Like a broken record, isn't it?


----------



## Jimi007 (5 mo ago)

I dated a girl named Peggy once..

Does this count as Pegging ?


----------



## MJJEAN (Jun 26, 2015)

so_sweet said:


> Sometimes I've thought I'm so glad I'm not a man because it must get tiring doing all that thrusting.


I've pegged. Yes, the thrusting is an effort. I'm an active partner no matter what position we're using, so moving the whole time from on bottom, top, or on hands and knees is typical. What was not typical is the specific muscles used to balance and thrust using a strap-on. That is a whole other ballgame and there was definitely some DOMS the next day and for a few days after until my muscles adjusted.



RandomDude said:


> I can't imagine how it would feel good for the woman though if she's doing the pegging!





so_sweet said:


> I can't imagine either!





Julie's Husband said:


> Nub on the rig to press against the clitoris for pressure during thrusts? Sliding element to go over the clitoris and between the labia??? Inquiring minds want to know.


Ok, I'll help y'all out.

There are dildoes and strap-ons out there and they can be combined in different ways. Women who want to use a harness and dildo to peg can basically play around with products and combinations until they find what works best for them.

A favorite for a lot of women is the strapless strap on. I'd post a link, but I don't want to get into some kind of trouble. You can Google it. Anyways, using an insertable strapless strap-on is a LOT like using a double-ended dildo but it's design just works better. During thrusting the inserted bulb shaped end stimulates the vagina while the labia and clit are stimulated by being rubbed against the curve and a bit of the shaft. Most strapless strap-ons I've seen also have a place to insert a vibrating bullet.

I can't speak to other styled harnesses, but I have used the metal ring style harness and a dildo that has a flat end. The flat end of the dildo both holds it in the ring and pushes and rubs against the clit and surrounds when thrusting.


----------



## Married but Happy (Aug 13, 2013)

RandomDude said:


> Time to shake it up a little then 😅
> 
> EDIT: For poll purposes, pegging includes any penetration with any object! Strap on, beads, thumb, finger, tongue, penis.
> Prostate exam doesn't count, I'm happy to let everyone pretend it didn't happen.

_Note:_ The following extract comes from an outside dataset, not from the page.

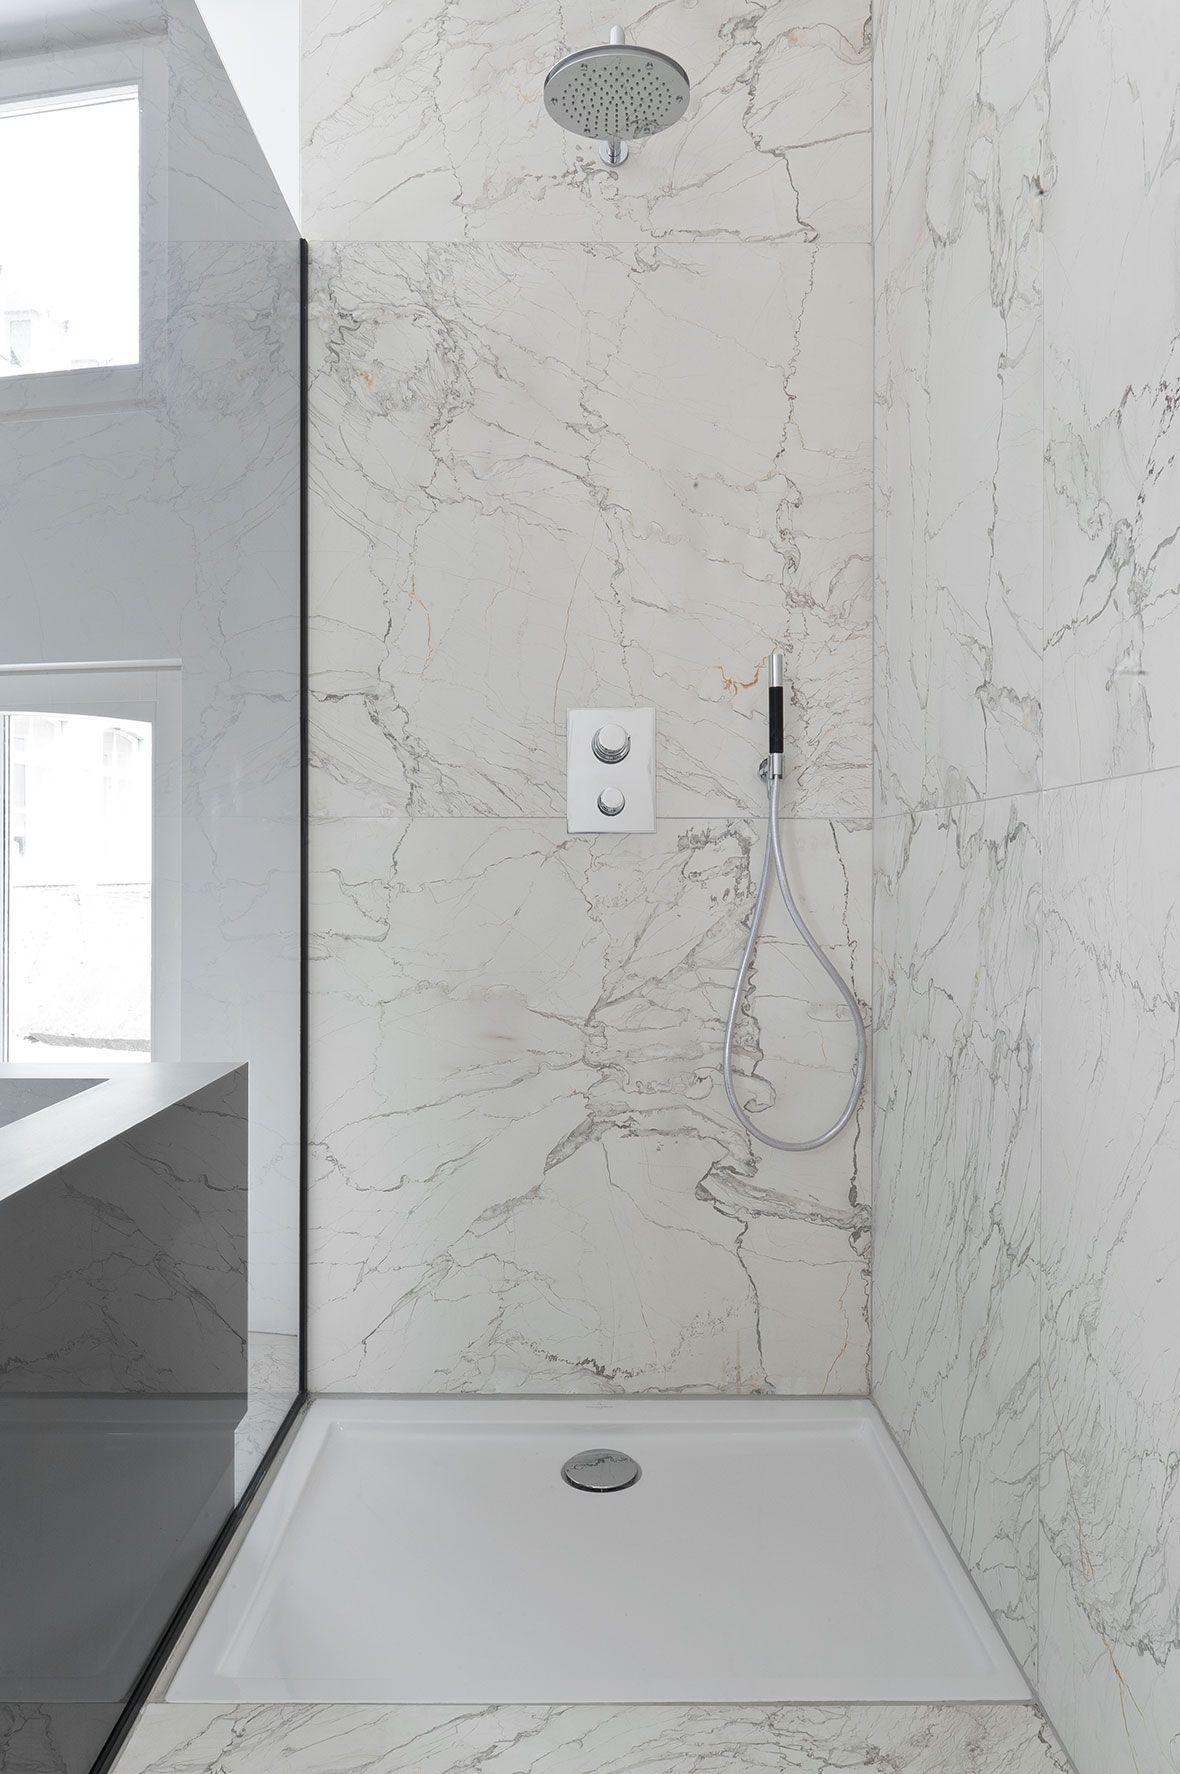 Studio Niels - Walk-In Bathroom - Maastricht The Netherlands ...

With that much broader definition, yes. A former gf liked to do prostate massage while giving me a blow job. I really like the bj part - the rest didn't really improve it for me.


----------



## Longtime Hubby (7 mo ago)

Never have been. Not on the to-do list but one never knows what the future holds If she suggests it. Lol


----------



## Lila (May 30, 2014)

ConanHub said:


> I don't believe he is trying to say women should be fine with it and men shouldn't.


I didn't suggest he was saying women should be fine with it and men shouldn't. What I was responding to was that he said there were physical and emotional differences between men and women when it comes to anal sex. I am not sure what he meant by emotional differences but physically, there are no differences. The anus is the anus is the anus regardless of gender.

However, there ARE differences in how society views anal sex between the sexes. Women are looked at as prudes if they are not open to the idea of receiving anal sex. Men are thought of as kinky if they are open to the idea of anal sex. It is what it is.


----------



## ConanHub (Aug 9, 2013)

Lila said:


> I didn't suggest he was saying women should be fine with it and men shouldn't. What I was responding to was that he said there were physical and emotional differences between men and women when it comes to anal sex. I am not sure what he meant by emotional differences but physically, there are no differences. The anus is the anus is the anus regardless of gender.
> 
> However, there ARE differences in how society views anal sex between the sexes. Women are looked at as prudes if they are not open to the idea of receiving anal sex. Men are thought of as kinky if they are open to the idea of anal sex. It is what it is.


Yup. I was just breaking down his stream of thought, as I comprehended it, even though I don't believe he expressed it clearly in that post.


----------



## ReformedHubby (Jan 9, 2013)

ConanHub said:


> Not interested at all. I'm not interested in trying to get my club in a lady's backdoor either.
> 
> If I was with a woman that really wanted me to try it on her, I probably would with a condom but it would all be for her and nothing I was wanting.


I think it's a misconception that most men want their wives/girlfriend to do anal. Amongst my friends I would say about half are turned off by it, and they aren't squeamish about much else. I only started doing it later in life because partners straight up asked for it....apparently after I missed out on obvious hints. While it doesn't do as much for me as the old fashioned way, I learned to appreciate it because if you have a partner that's into it, you'll definitely be able to tell. I guess some things just don't follow the anatomical science in the way we think, because some woman can definitely achieve an orgasm this way.


----------



## CallingDrLove (9 mo ago)

ShatteredKat said:


> Regarding "Prostate exam"
> One time during a physical - asked the Doc how he learned what to do when shoving KY up my asshole.
> 
> He said: "_Students practice on each other._" (What about women studying to be a doctor?)
> ...


When I was in medical school we most certainly did not practice on each other. We had patients that were trained to teach those exams to medical students and then we performed them on our paid trainer. So yeah, we had one guy whose job it was to have 150 students do a prostate exam on him in a single day.


----------



## Hiner112 (Nov 17, 2019)

Lila said:


> I didn't suggest he was saying women should be fine with it and men shouldn't. What I was responding to was that he said there were physical and emotional differences between men and women when it comes to anal sex. I am not sure what he meant by emotional differences but physically, there are no differences. The anus is the anus is the anus regardless of gender.
> 
> However, there ARE differences in how society views anal sex between the sexes. Women are looked at as prudes if they are not open to the idea of receiving anal sex. Men are thought of as kinky if they are open to the idea of anal sex. It is what it is.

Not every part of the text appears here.